Я ставил силки, а Лех продавал пойманных птиц в окрестных деревнях. В ловле птиц здесь ему не было равных. Обычно он занимался этим в одиночку. Меня он взял потому, что я был маленьким, гибким и легким. Я мог поставить ловушки там, куда сам Лех забраться не мог – на гибких ветках молодых деревьев, в густых зарослях крапивы и чертополоха, на раскисших, полузатопленных болотных кочках.
Лех жил бобылем. Его лачуга была заполнена самыми разными птицами – от обыкновенного воробья до мудрой совы. За птиц крестьяне давали Леху молоко, масло, сметану, сыр, хлеб, колбасу, водку, фрукты и даже одежду. Обычно он выменивал все это в близлежащих деревнях, разнося в клетках птиц, торгуя их красотой и умением петь.
Лицо Леха было усыпано прыщами. Крестьяне утверждали, что такие лица бывают у тех, кто таскает яйца из ласточкиных гнезд. Сам Лех говорил, что лицо у него такое оттого, что в детстве он неосторожно плевал в огонь. Он рассказывал, что его отец, деревенский писарь, хотел выучить его на священника. Но Леха тянуло в лес. Он познакомился с жизнью птиц и завидовал их умению летать. Однажды он сбежал из дома и, как вольная птица, начал странствовать от деревни к деревне. Он наблюдал чудные повадки куропаток и жаворонков, подражал беззаботному зову кукушки, трескотне сороки, уханью совы. Он знал брачные повадки снегирей, ярость ревнивца-коростыля, кружащего возле оставленного самкой гнезда, и горе ласточки у которой разорили гнездо мальчишки. Он знал приемы соколиного боя и восхищался долготерпением охотящегося на лягушек аиста. Он завидовал соловьиной песне.
Так, среди птиц и деревьев, он провел свою молодость. Теперь он сильно похудел, его зубы гнили, кожа на лице обвисла а зрение постепенно ухудшалось. В конце концов Лех построил хижину и поселился в ней. Там он занимал один угол а остальные заставил птичьими клетками. В самом низу одной из клеток нашлось немного места для меня.

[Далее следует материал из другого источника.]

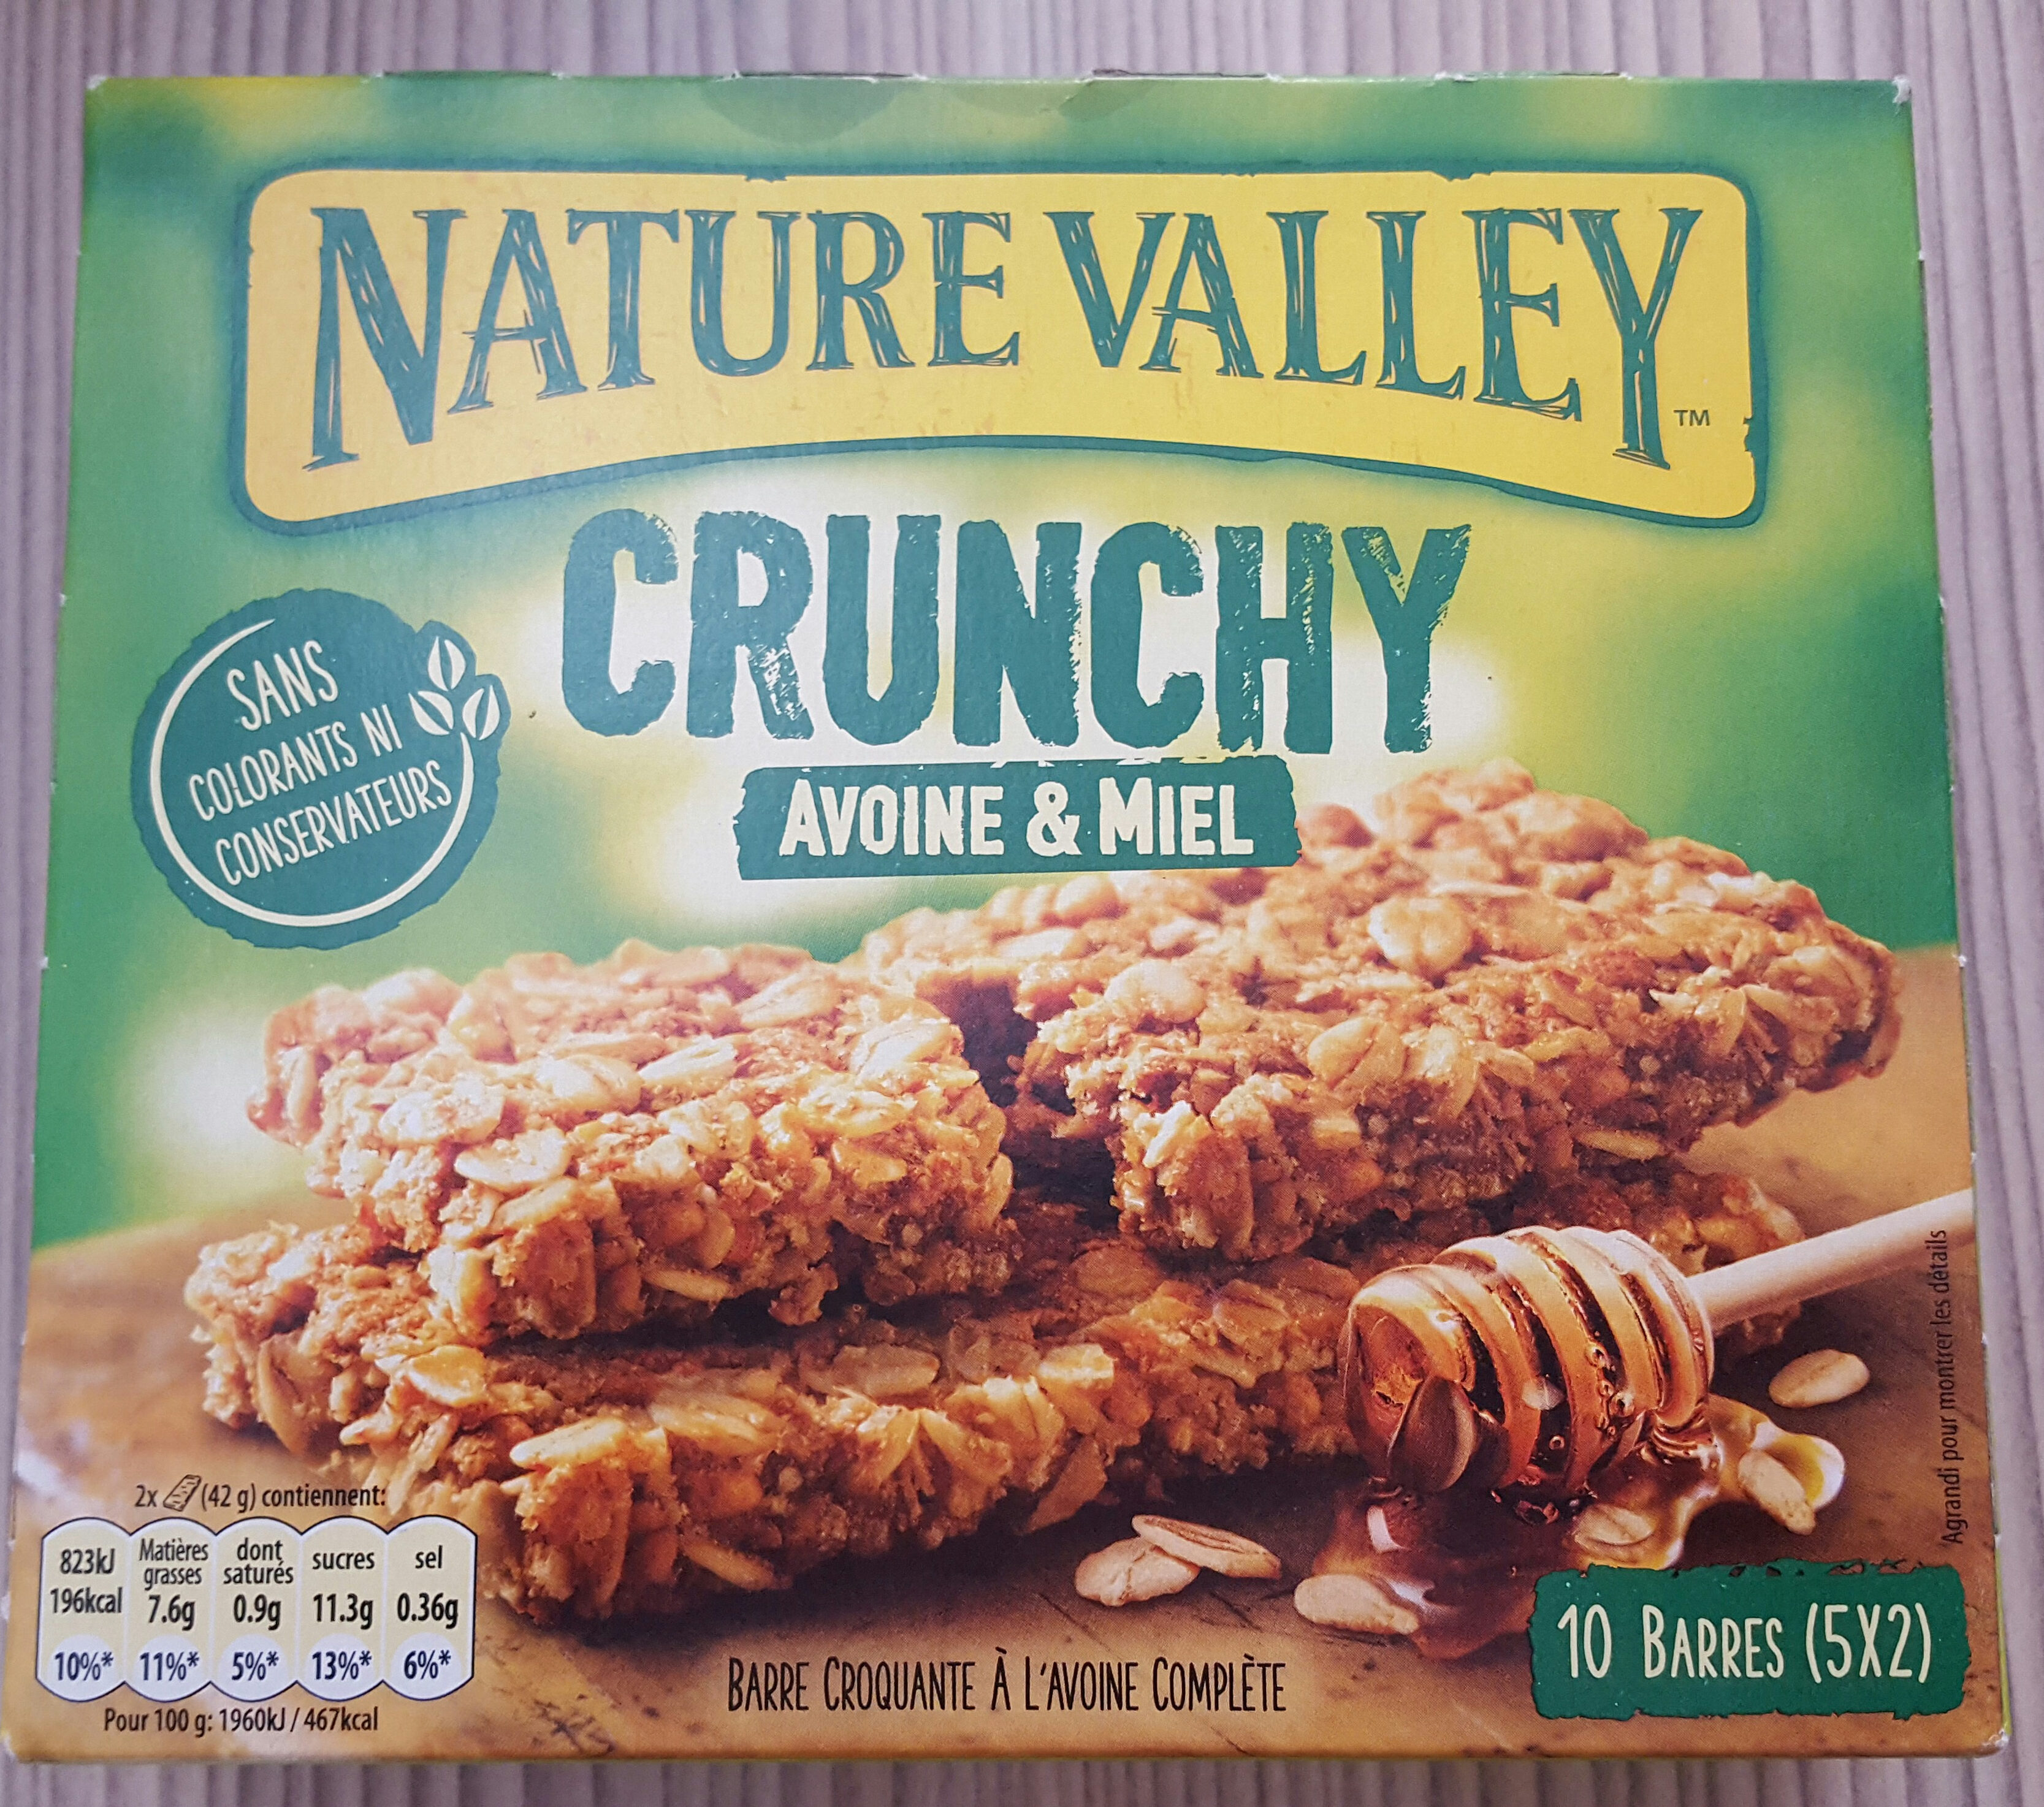 Crunchy avoine et miel - Product - fr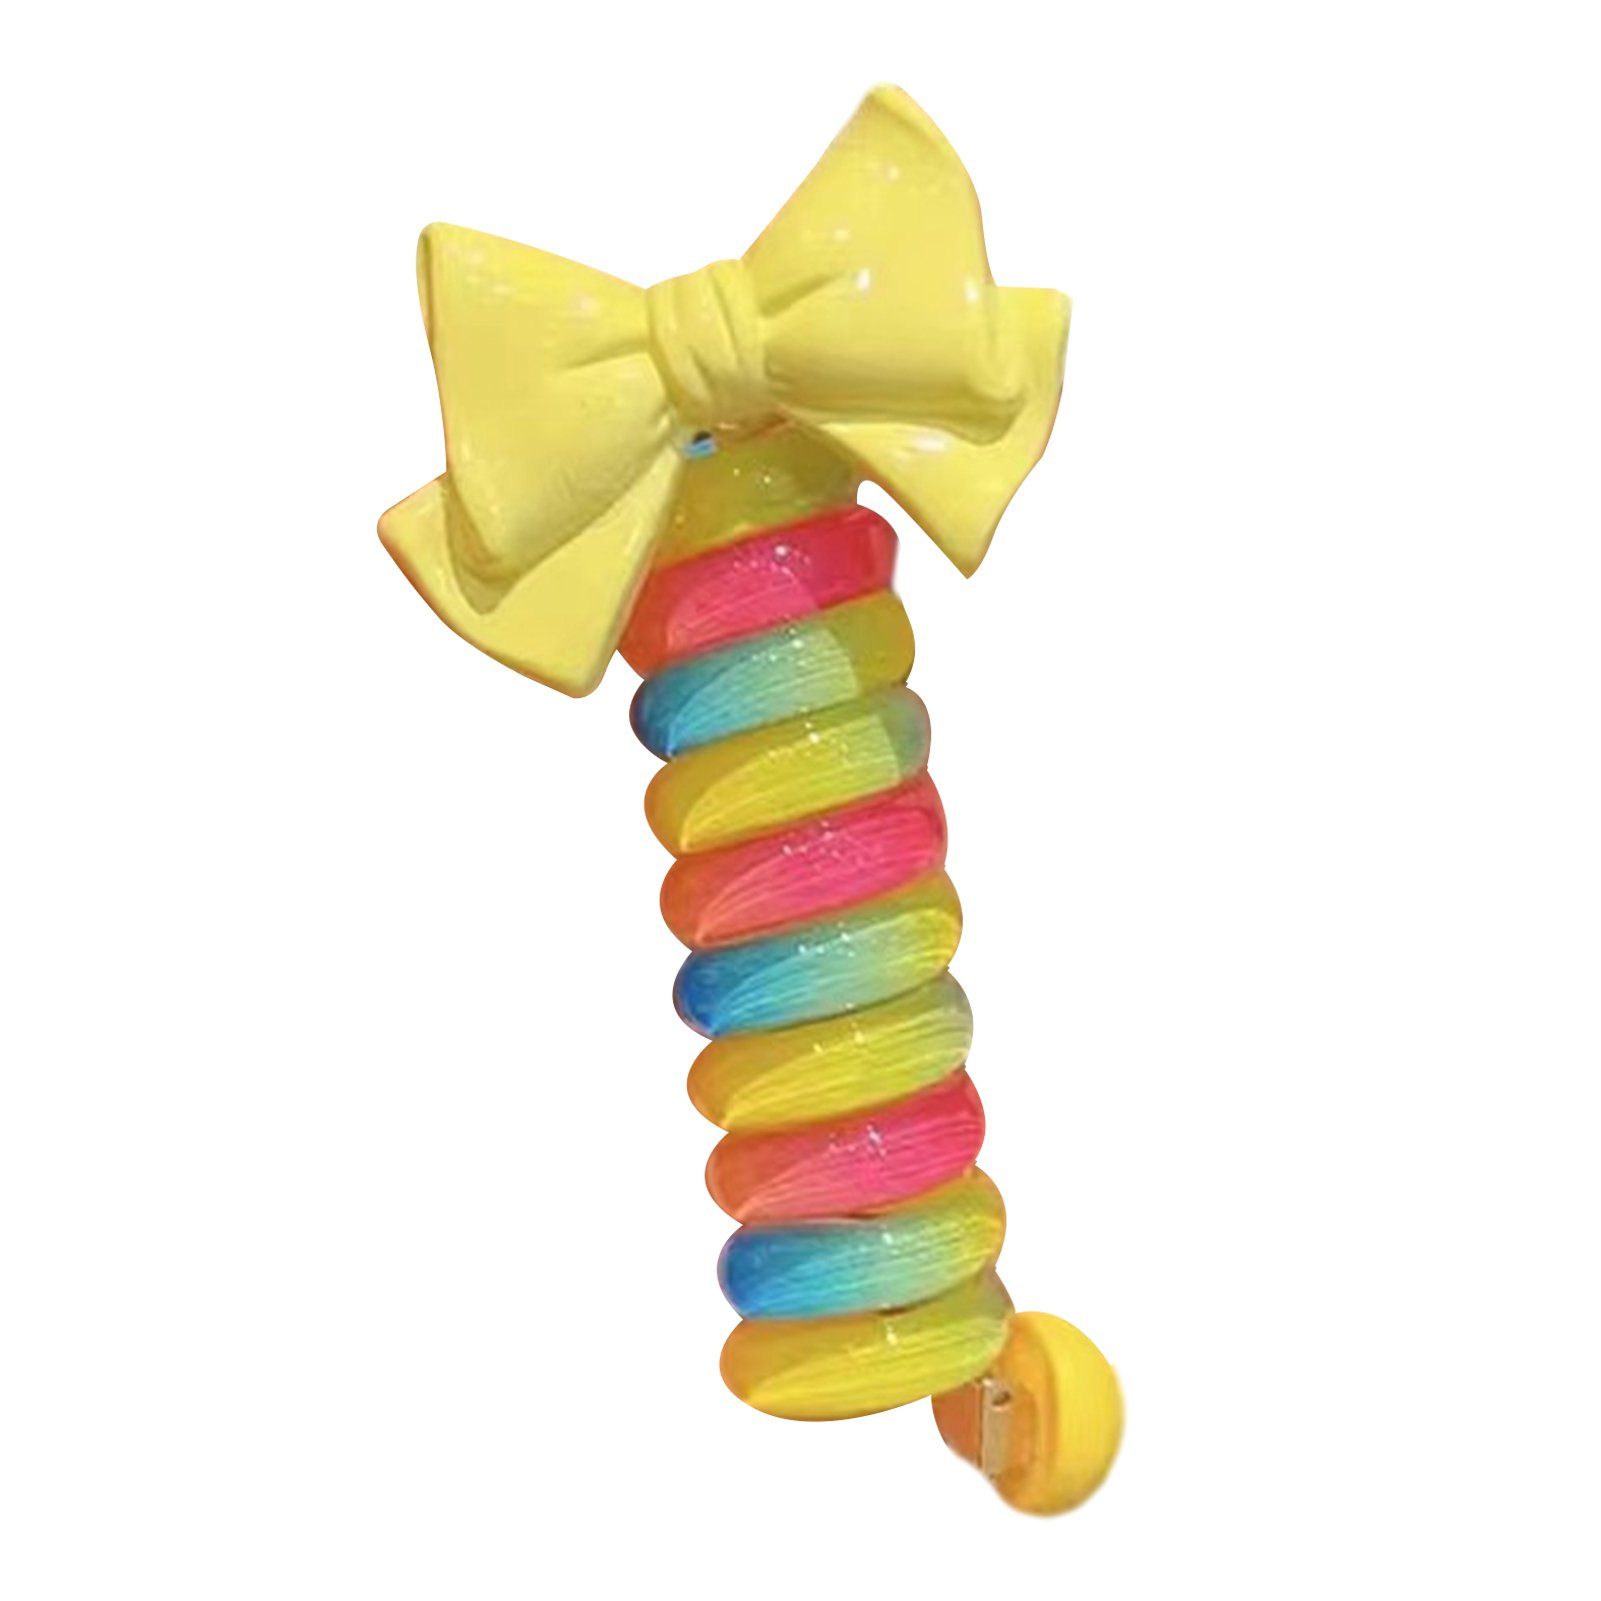 Blusmart Spiral-Haargummi Mädchen Bunte Schleife Telefonkabel Haarbänder Wiederverwendbare DIY, Spiral-Haargummi yellow bow

Лех любил рассказывать о птицах. Я жадно ловил каждое его слово. От него я узнал, что аисты обычно прилетают из-за далеких морей и океанов в день Святого Иосифа и остаются в деревне, пока Святой Варфоломей не загонит всех лягушек в грязь. Грязь затыкает лягушкам рты и аисты, не слыша кваканья, не могут найти их и улетают. Аисты приносят счастье обитателям домов, на крышах которых вьют гнезда.
Во всей округе только Лех знал, как приготовить место для гнезда аиста. За эту работу он брал большие деньги и только самые зажиточные крестьяне могли воспользоваться его услугами.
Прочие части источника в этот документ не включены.